She held eye contact with him only momentarily before she looked away, barking orders at those around her. Jacob squeezed her hand and then stepped away before he began doing as she asked, but it was this tender gesture after all she'd done to him that made Connie change her mind. "Actually, Dylan you take over here. I need to be out there trying to shift some of this backlog."
As Connie went to slip from the room, she glanced back at Jacob to see him offer her a gentle smile. Though she smiled back, his eyes were already back on the girl in front of him.
...
"Call for you on line 2, Mrs Beauchamp!" Noel called when she strode past him a short while later.
With a tut, she just held out her hand for the phone. "Connie Beauchamp."
"I'm so sorry to call, I know you must be awfully busy-" A voice came down the line.
"I am. Who is this?" Connie questioned sharply.
"...No one. Sorry for wasting your time."
The voice went to hang up, but hesitated when Connie offered, "It will be even more of a waste if you don't tell me why you wanted to speak to me."
"Well, I... He'll be annoyed with me for calling you, but you are the only person he's mentioned and I wasn't sure where else to begin. I'm looking for Jacob. Jacob Masters. He was supposed to meet me at the train station a short while ago, but he didn't arrive and his phone is switched off."
She paused, irritated and confused. He had told this person about her?
"Who is this calling?" She heard a sigh on the other line before the woman spoke again.
"It's his mother."
She couldn't deny the empty, sick feeling that had now quickly occupied her stomach. She motioned to the receptionist that she was taking the call to her office, her heels clicking quickly as she tried to recover herself. She wasn't aware that Jacob had told her anything about their relationship, he knew that neither of her parents were alive and when they were together he had expressed no intention of bringing her to meet his family.

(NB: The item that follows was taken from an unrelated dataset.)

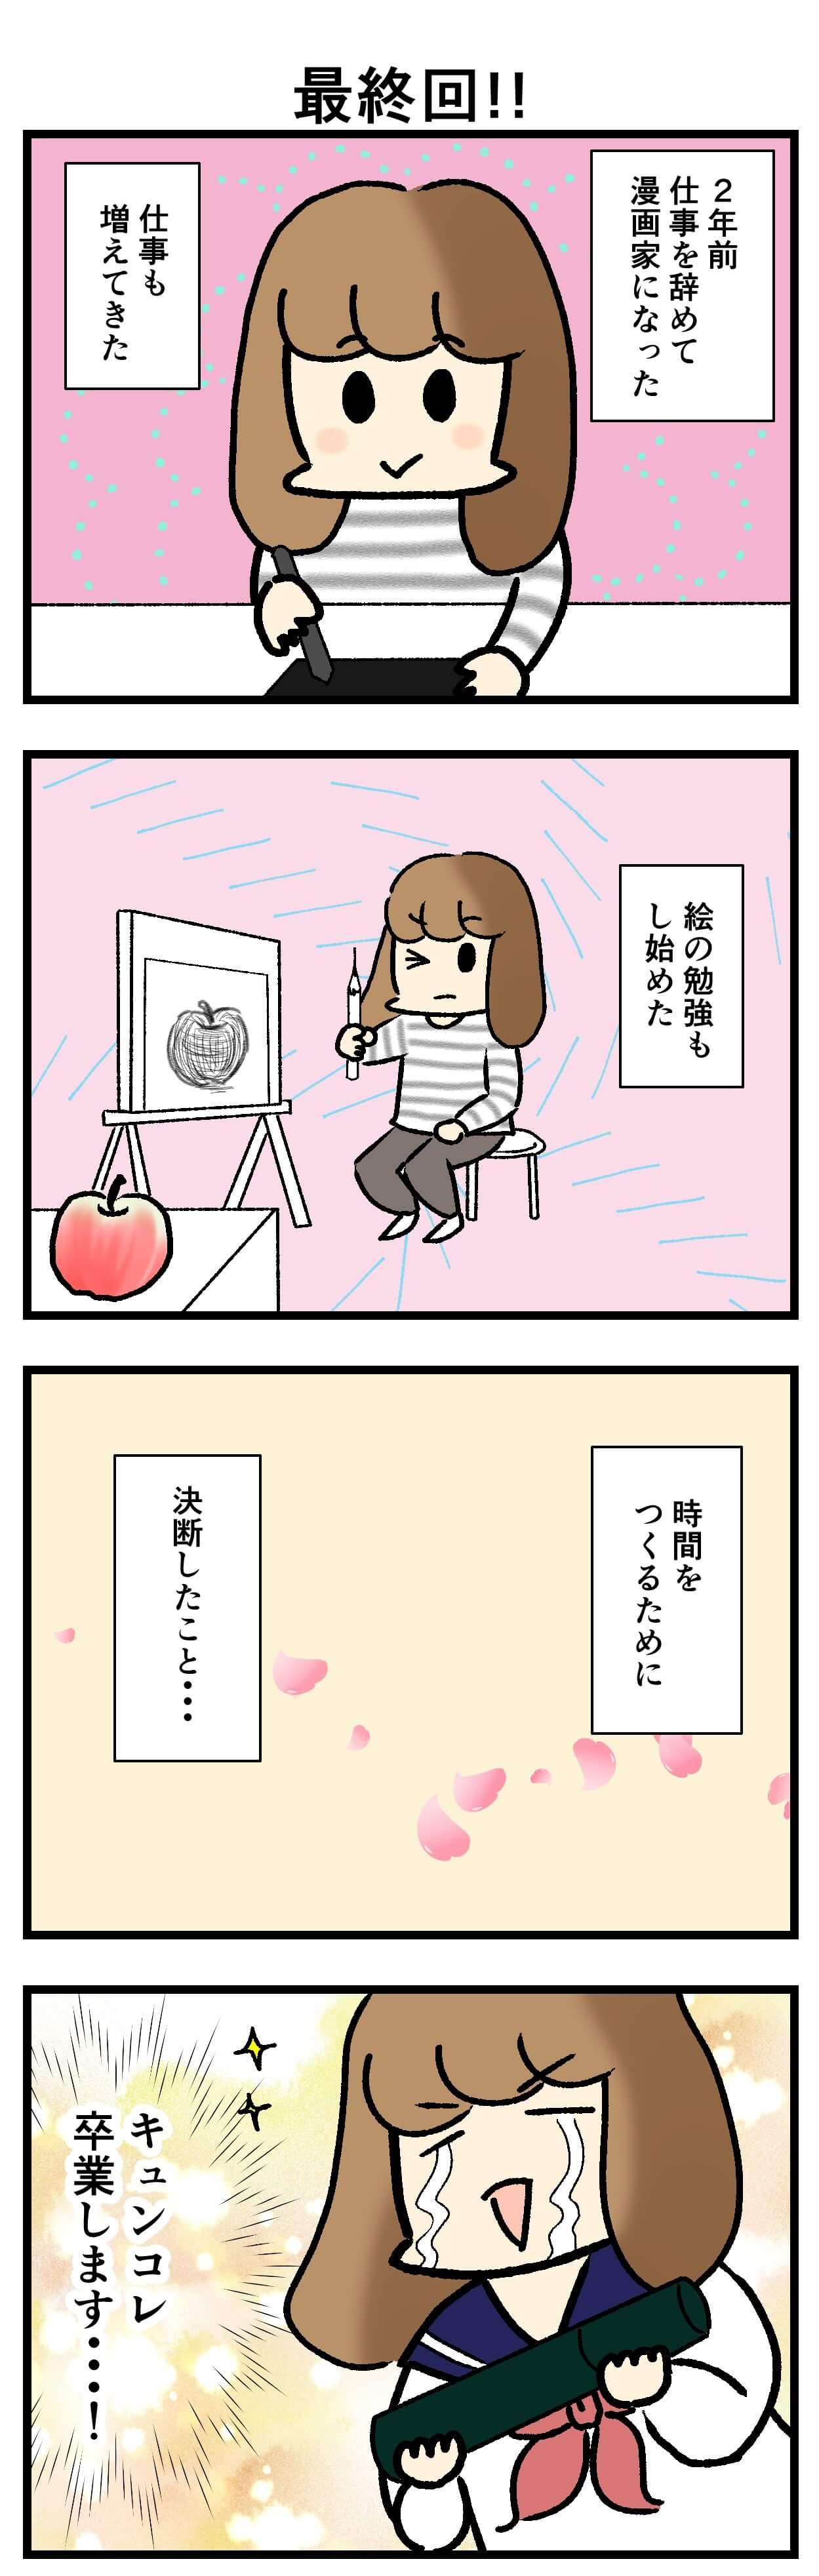 【エッセイ漫画】アラサー主婦くま子のふがいない日常(132)

"I'll pass on the message, I'm sure he'll call you back when we're less busy."
"Look, I know that you're his boss..."
"He's not available at the moment."
"You don't understand..."
"I'm sorry, but we're short staffed and I'm not going to pull him away from a patient, in an emergency department, just because he forgot you were going out. I'll tell him to..."
"It's his brother's funeral." The woman spoke quietly, but Connie heard her, and her eyes immediately turned in the direction of resus, from where she stood in the centre of her office.